--- INSTRUCTIONS TO FOLLOW ---
Repeat the lines from the line with "ポジティブ暗黙苦しみ[GROUND PLAN] Oh" to the line with "Скатерть Haft Skarb Babuni, прямоугольная, цвет: белый, 120x" in the listing below, keeping both end lines and adding nothing.

--- INPUT ---
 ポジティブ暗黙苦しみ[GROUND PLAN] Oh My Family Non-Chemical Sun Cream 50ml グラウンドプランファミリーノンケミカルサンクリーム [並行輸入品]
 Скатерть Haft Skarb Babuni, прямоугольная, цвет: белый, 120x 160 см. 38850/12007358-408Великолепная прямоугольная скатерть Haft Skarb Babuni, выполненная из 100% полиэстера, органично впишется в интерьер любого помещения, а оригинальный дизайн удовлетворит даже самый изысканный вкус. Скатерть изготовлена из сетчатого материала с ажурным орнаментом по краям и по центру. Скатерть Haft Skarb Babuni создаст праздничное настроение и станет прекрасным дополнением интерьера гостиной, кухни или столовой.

---

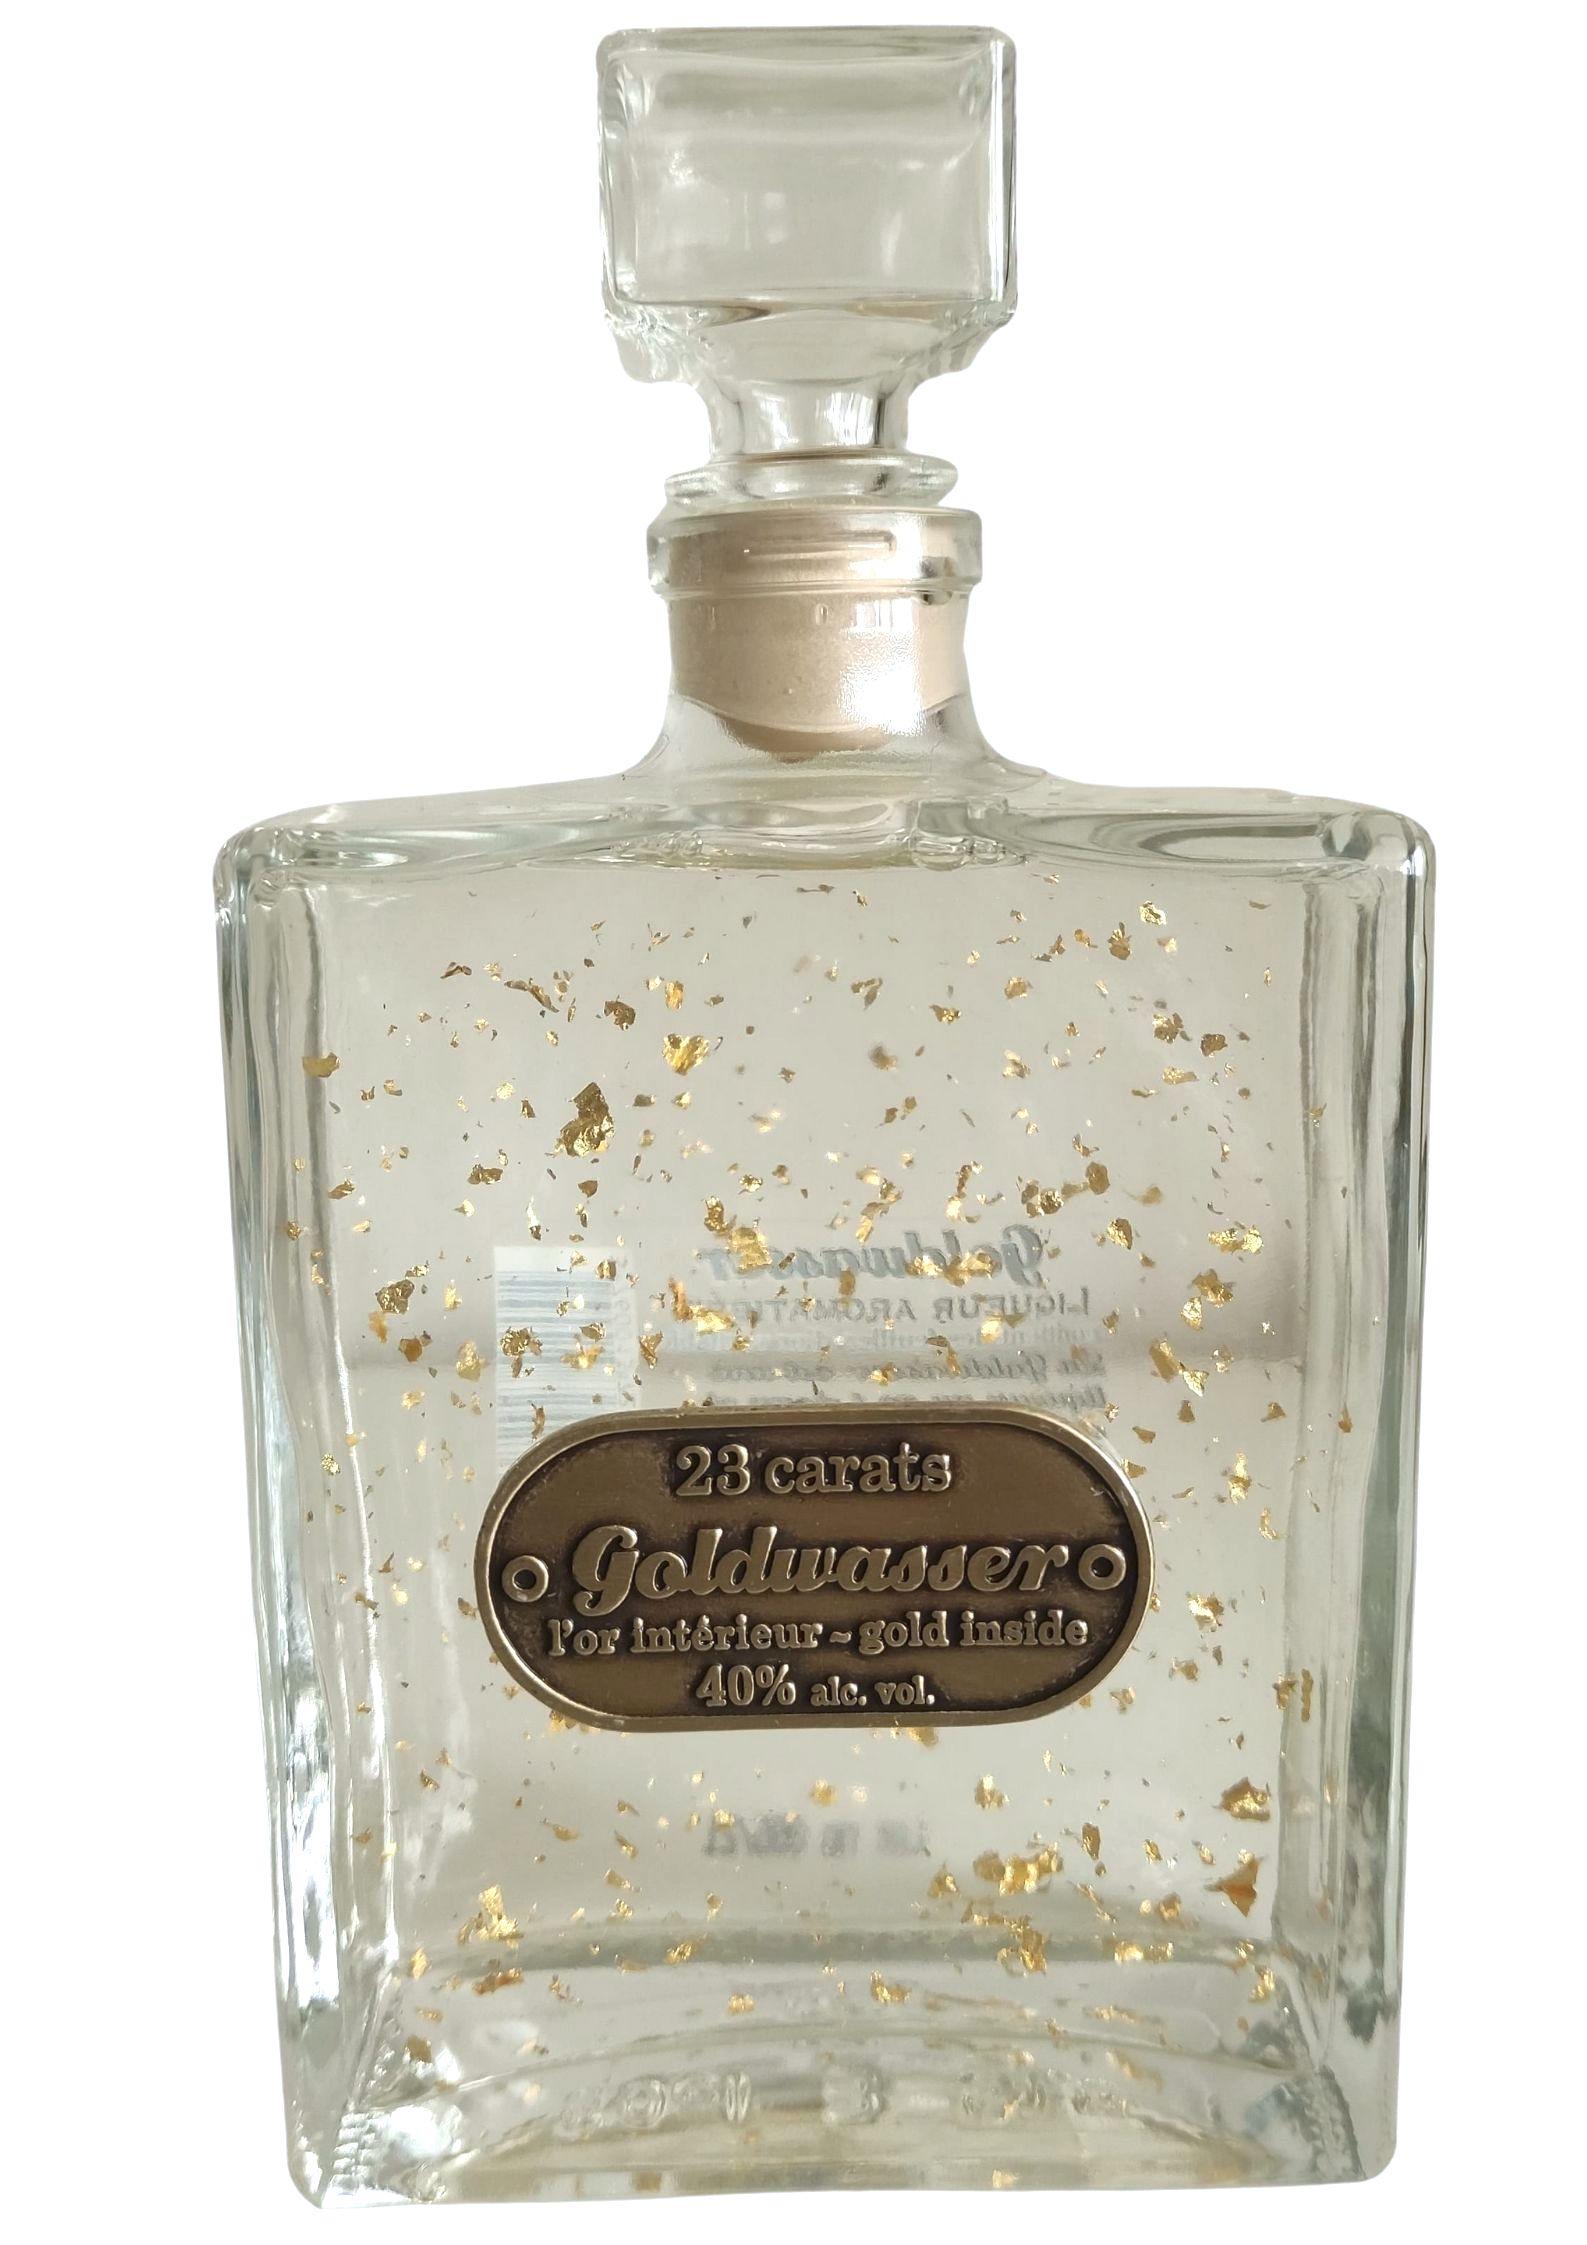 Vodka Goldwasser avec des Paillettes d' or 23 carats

--- TASK ANSWER ---
 ポジティブ暗黙苦しみ[GROUND PLAN] Oh My Family Non-Chemical Sun Cream 50ml グラウンドプランファミリーノンケミカルサンクリーム [並行輸入品]
 Скатерть Haft Skarb Babuni, прямоугольная, цвет: белый, 120x 160 см. 38850/12007358-408Великолепная прямоугольная скатерть Haft Skarb Babuni, выполненная из 100% полиэстера, органично впишется в интерьер любого помещения, а оригинальный дизайн удовлетворит даже самый изысканный вкус. Скатерть изготовлена из сетчатого материала с ажурным орнаментом по краям и по центру. Скатерть Haft Skarb Babuni создаст праздничное настроение и станет прекрасным дополнением интерьера гостиной, кухни или столовой.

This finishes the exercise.